Here's a protocol-level workaround:

import contextlib
import threading

from opentrons import protocol_api

metadata = {
    'apiLevel': '2.5'  # Required for set_rail_lights() and rail_lights_on.
}

@contextlib.contextmanager
def flashing_rail_lights(
    protocol: protocol_api.ProtocolContext, seconds_per_flash_cycle=1.0
):
    """Flash the rail lights on and off in the background.

    Source: https://github.com/Opentrons/opentrons/issues/7742

    Example usage:

        # While the robot is doing nothing for 2 minutes, flash lights quickly.
        with flashing_rail_lights(protocol, seconds_per_flash_cycle=0.25):
            protocol.delay(minutes=2)

    When the ``with`` block exits, the rail lights are restored to their original
    state.

    Exclusive control of the rail lights is assumed. For example, within the ``with``
    block, you must not call `ProtocolContext.set_rail_lights` yourself, inspect
    `ProtocolContext.rail_lights_on`, or nest additional calls to
    `flashing_rail_lights`.
    """
    original_light_status = protocol.rail_lights_on

    stop_flashing_event = threading.Event()

    def background_loop():
        while True:
            protocol.set_rail_lights(not protocol.rail_lights_on)
            # Wait until it's time to toggle the lights for the next flash or we're
            # told to stop flashing entirely, whichever comes first.
            got_stop_flashing_event = stop_flashing_event.wait(
                timeout=seconds_per_flash_cycle/2
            )
            if got_stop_flashing_event:
                break

    background_thread = threading.Thread(
        target=background_loop, name="Background thread for flashing rail lights"
    )

    try:
        if not protocol.is_simulating():
            background_thread.start()
        yield

    finally:
        # The ``with`` block might be exiting normally, or it might be exiting because
        # something inside it raised an exception.
        #
        # This accounts for user-issued cancelations because currently (2021-05-04),
        # the Python Protocol API happens to implement user-issued cancellations by
        # raising an exception from internal API code.
        if not protocol.is_simulating():
            stop_flashing_event.set()
            background_thread.join()

        # This is questionable: it may issue a command to the API while the API
        # is in an inconsistent state after raising an exception.
        protocol.set_rail_lights(original_light_status)

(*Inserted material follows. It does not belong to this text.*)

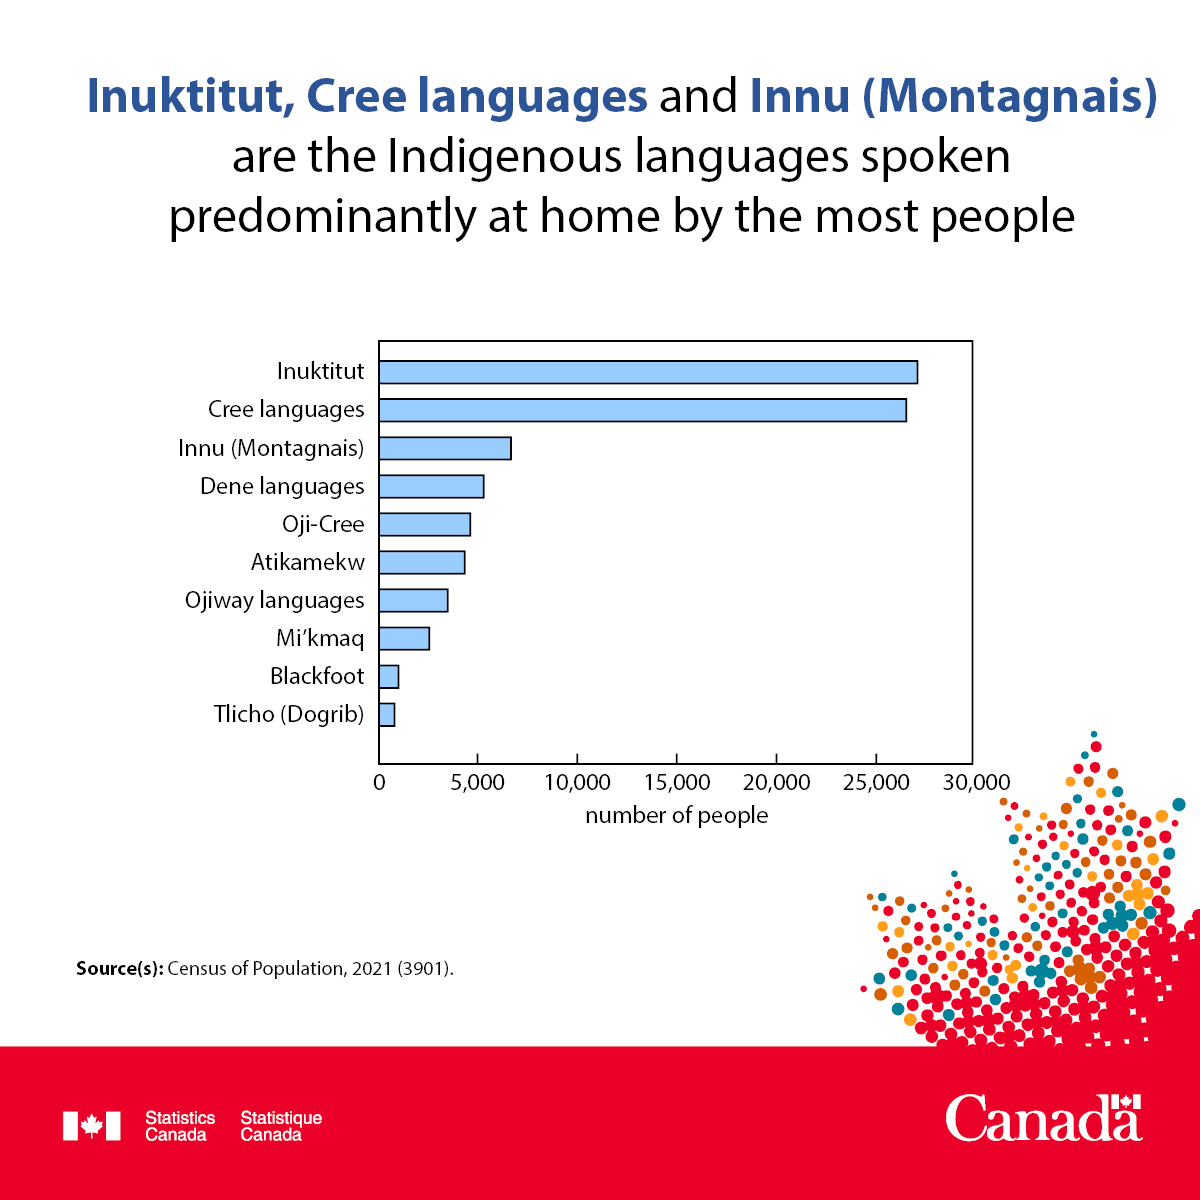 Post 3 image - Inuktitut, Cree languages and Innu (Montagnais) are the Indigenous languages spoken predominantly at home by the most people
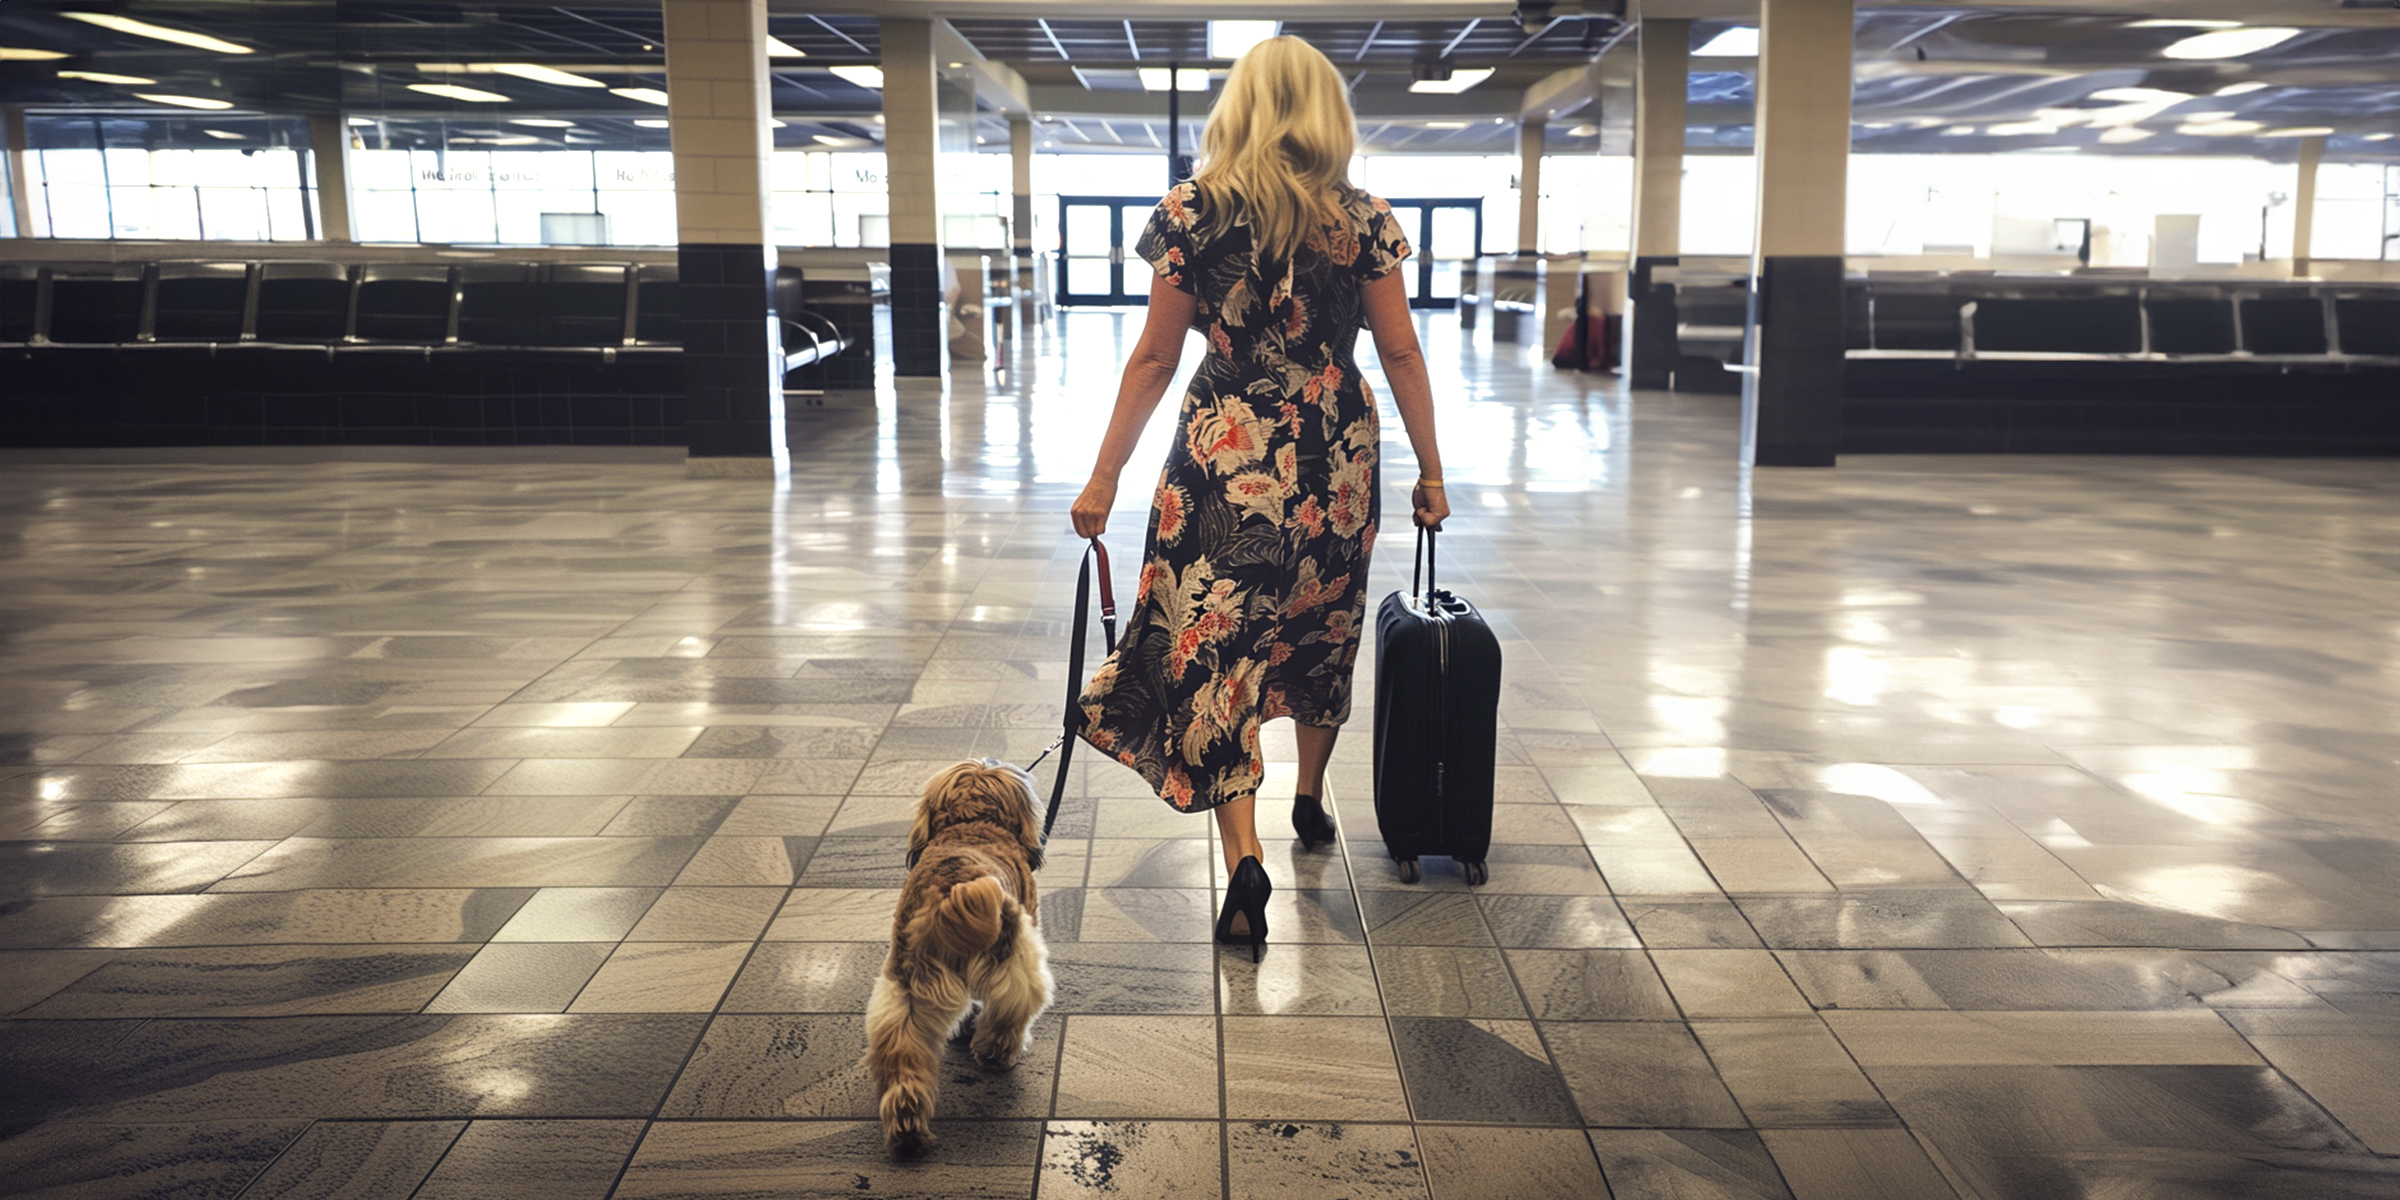 A woman leading a dog through an airport terminal | Source: Amomama

def run(protocol: protocol_api.ProtocolContext):
    tip_rack = protocol.load_labware("opentrons_96_tiprack_300ul", 1)
    pipette = protocol.load_instrument("p300_multi_gen2", mount="left")

    pipette.pick_up_tip(tip_rack.wells()[0])

    with flashing_rail_lights(protocol, seconds_per_flash_cycle=0.5):
        protocol.delay(minutes=2)

    pipette.return_tip(tip_rack.wells()[0])

I have a few 👍s in Slack for officially recommending this to Opentrons' internal Support, Science, and Applications Engineering teams.

We're not yet sure whether we want to document this workaround for external users, though. We might instead want to add a flash_lights parameter to pause() and delay() and encourage people to use that, for example.